On Aug 27, 2014, Zacks Investment Research downgraded Old Republic International Corporation ( ORI) to a Zacks Rank #4 (Sell).
Why the Downgrade?
Old Republic International has witnessed downward estimate revisions for 2014 and 2015 following disappointing second quarter results. Given its expected negative earnings growth rates in the upcoming quarters, it has more downside left.
Old Republic International’s second-quarter earnings missed the Zacks Consensus by 4% and plunged 64.2% year over year. Total revenue of $1.3 billion was down 8.7% year over year but came in line with the Zacks Consensus Estimate.
Results were impacted by higher case settlement and litigation costs in the consumer credit indemnity ("CCI") portion of the run-off business. Moreover, intermittent weaknesses in real estate and mortgage markets also affected the results.
The company is also experiencing softness in its Title Insurance business in where premium and fees declined 16.5% year over year for the six months ended Jun 30, 2014, mainly due to a significant drop in refinance transactions since mid 2013. Moreover, a rise in mortgage interest rates also ended up in reduced mortgage extensions, creating further pressure on the segment’s top line.

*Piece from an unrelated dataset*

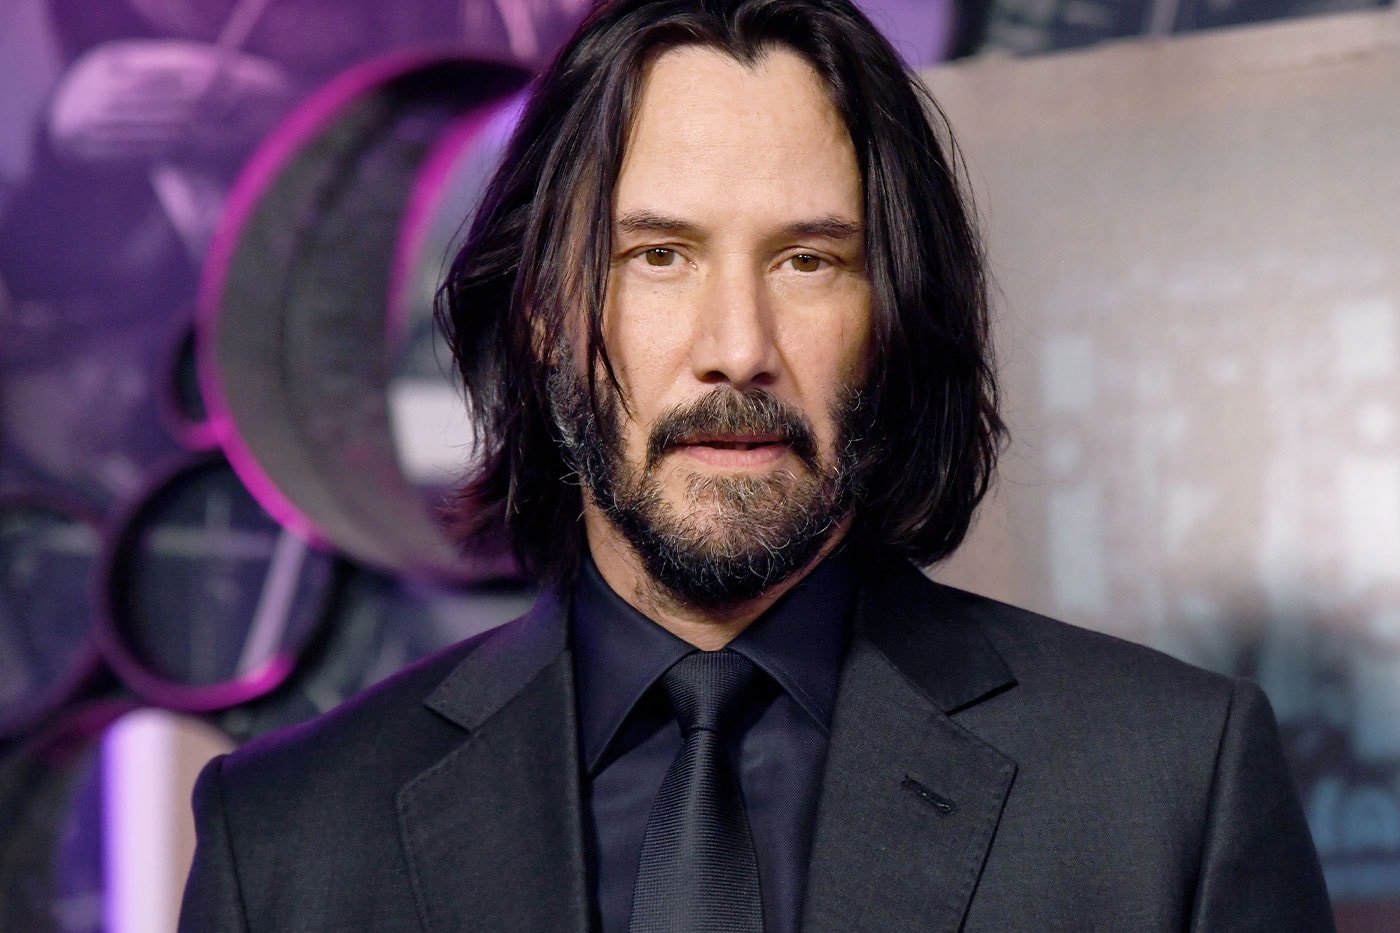 Keanu Reeves MCU casting rumors Marvel cinematic universe i would be honored Esquire birthday tweet kevin Feige Marvel Studios talk to him every film news

Old Republic isn’t looking too great from an earnings estimate revision perspective either. The Zacks Consensus Estimate for 2014 has moved down 16.7% to 90 cents over the last 60 days. The same for 2015 fell 0.9% to $1.09 per share over the same time frame.
Other Stocks to Consider
While Old Republic International’s unimpressive Zacks Ranks does not call for investor attention, some better-ranked stocks in the industry include American International Group, Inc. ( AIG), BB Seguridade Participa ( BBSEY) and Fortegra Financial Corp. ( FRF). All these stocks carry a Zacks Rank #2 (Buy).